The Daimon of Mission
by Stephen Simmer
“Before you embark on any path ask the question: Does this path have a heart? If the answer is no, you will know it, and then you must choose another path. The trouble is nobody asks the question; and when a man finally realizes that he has taken a path without a heart, the path is ready to kill him. At that point very few men can stop to deliberate, and leave the path. A path without a heart is never enjoyable. You have to work hard even to take it. On the other hand, a path with heart is easy; it does not make you work at liking it”.
–Carlos Castaneda, The Teachings of Don Juan
I feel my fate in what I cannot fear.
I learn by going where I have to go.
We think by feeling. What is there to know?
–Theodore Roethke, The Waking
This is a personal statement about mission as I experience it, which is less about community service than about my relationship with an inner voice that I find to be elusive, fickle, and extremely important to me. Part of me wants to master my mission, my inner daimon, and I have shame that I can’t seem to do this. Then I have shame that I ever believed I could master it or capture it.

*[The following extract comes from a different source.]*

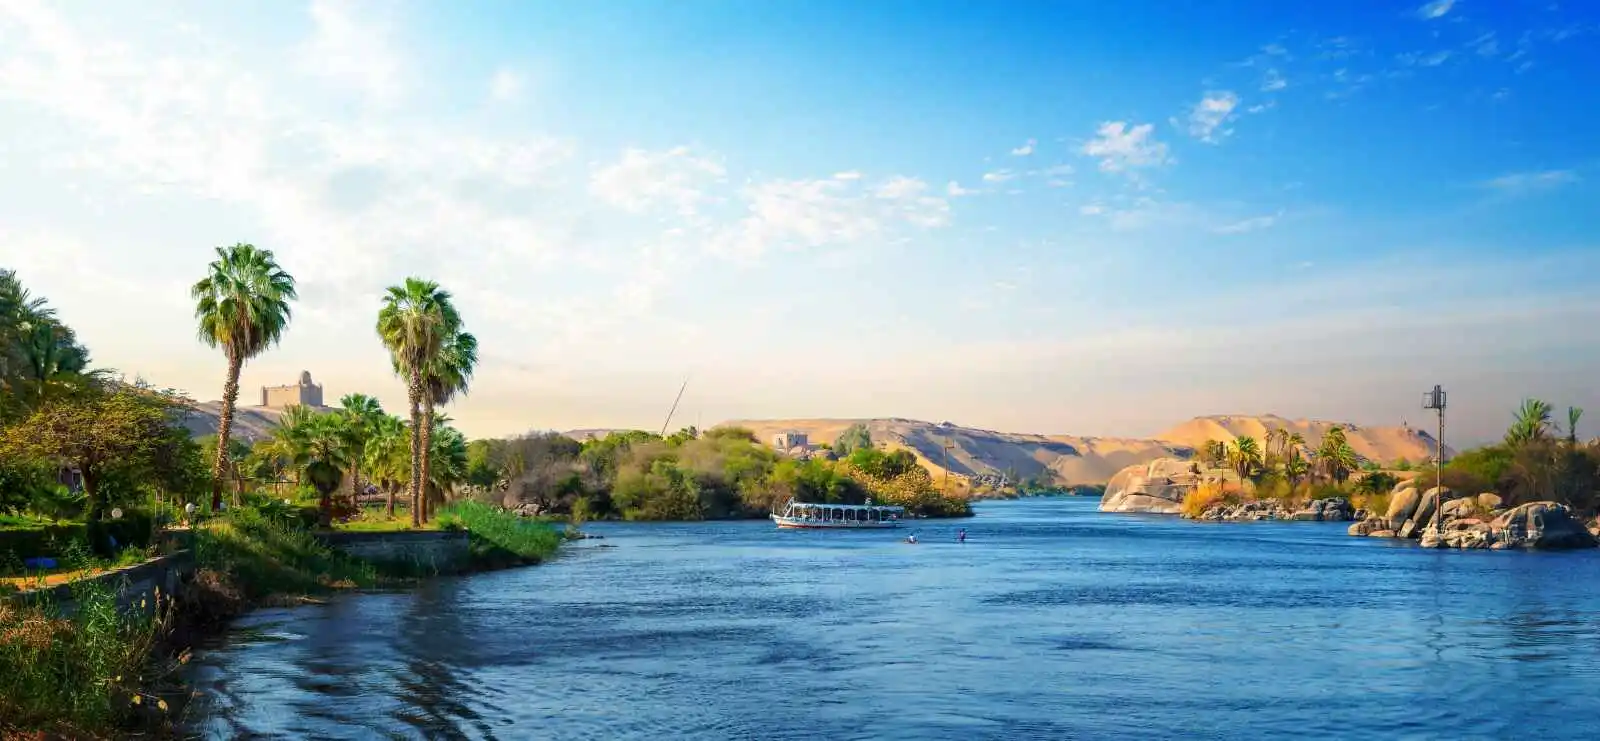 Le Nil en dahabeya

A mission in my judgement is not a statement I memorize. It is something I learn by heart. At its core, mission is not an idea, not a statement of purpose, not a promise or commitment. It is a path, with many changes. It is what Don Juan calls a “path with heart.” Sometimes the path seems very wide, so that I can sashay from one side to the other, sometimes it almost disappears. For me it’s a zigzag walk, not straight, not the shortest distance between two points. I have a sense from time to time that I am on the path. Then something happens and I am blocked, or I sense that I have gotten off the path—it must have taken a turn that I missed. It’s not a path I can map, or blaze with blue paint on the trees. It is interactive, changing all the time. I can never “know” my mission. Oscar Wilde says that “Only the shallow know themselves.” The path is more like the elusive Tao, the “Way.” The first lines of the Tao Te Ching translate roughly, “The path that can be spoken of is not the true path.” I can glimpse it from time to time, sense that I am near it, when I experience moment of flow. But I can’t fully grasp it.

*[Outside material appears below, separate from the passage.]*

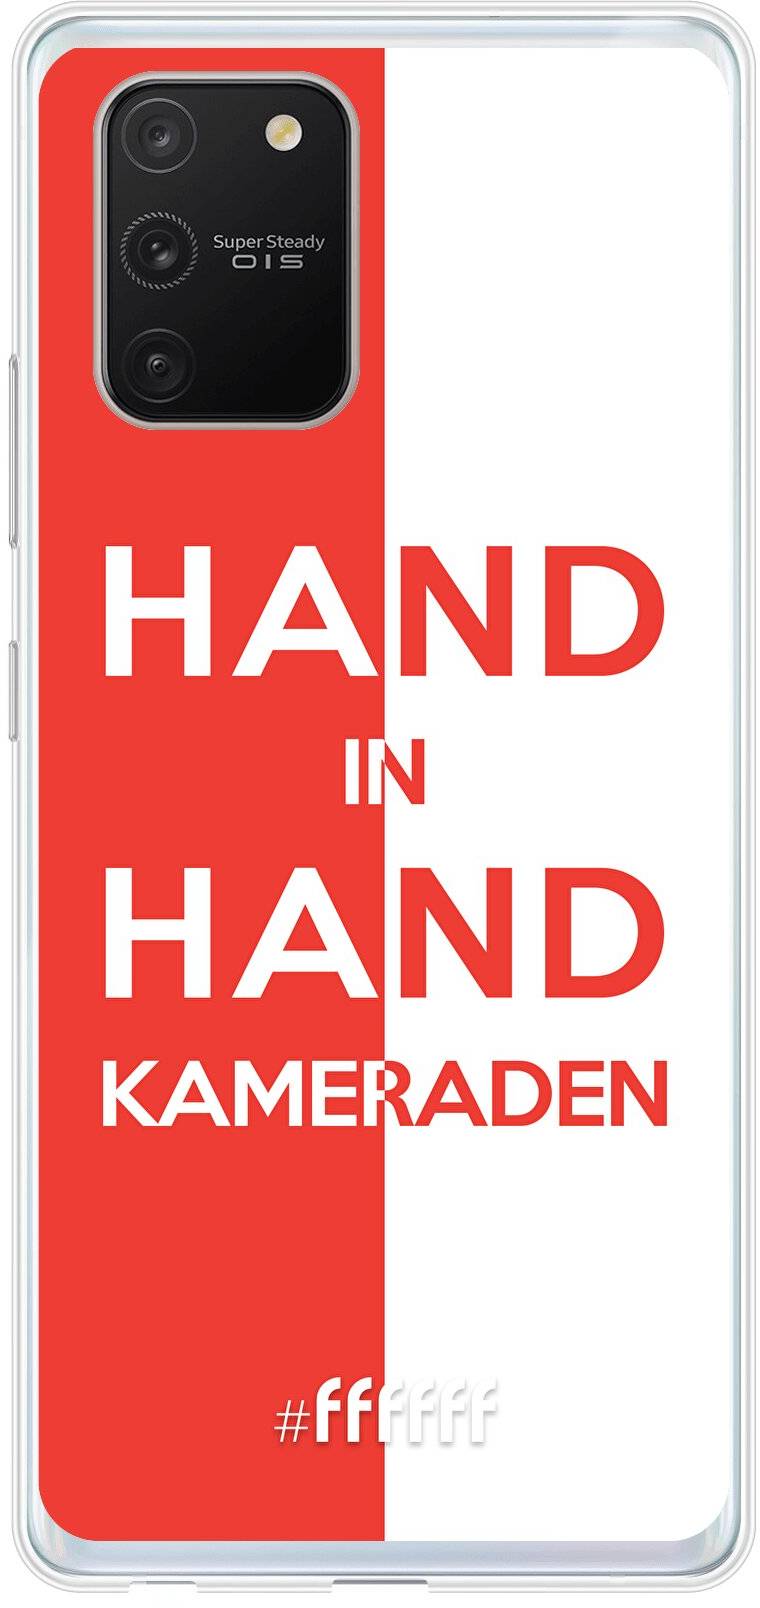 Feyenoord - Hand in hand, kameraden Galaxy S10 Lite

This means that the glimpse of my mission I got on my New Warrior Training Adventure can suddenly dissolve, leaving me lost again. Several times since doing the training, I woke up to realize that I had lost the way. I think the experience of loss is important, because it means that this mission is a being that I can’t control or understand with my ego. This happened again recently, when I was involved in a commitment to a job that I believed was my mission. Without warning the energy dropped away, and I found myself standing in the empty air, like Wiley Coyote when he realizes that he has sprinted out over the edge of the cliff. In practice, I find myself irritated, strangely blocked, silent. I am out of synch with my inner voice. Usually, I am stubborn, will continue what I have been doing, trying to subjugate my mission with my ego. I set stretches, push myself, lecture myself about persistence and fortitude. At some point, though, I start to feel myself dying. Something unmistakable within me is saying No. Maybe then I stop to listen with all the subtlety I can muster to my heart, let it start to shape me and lead me again.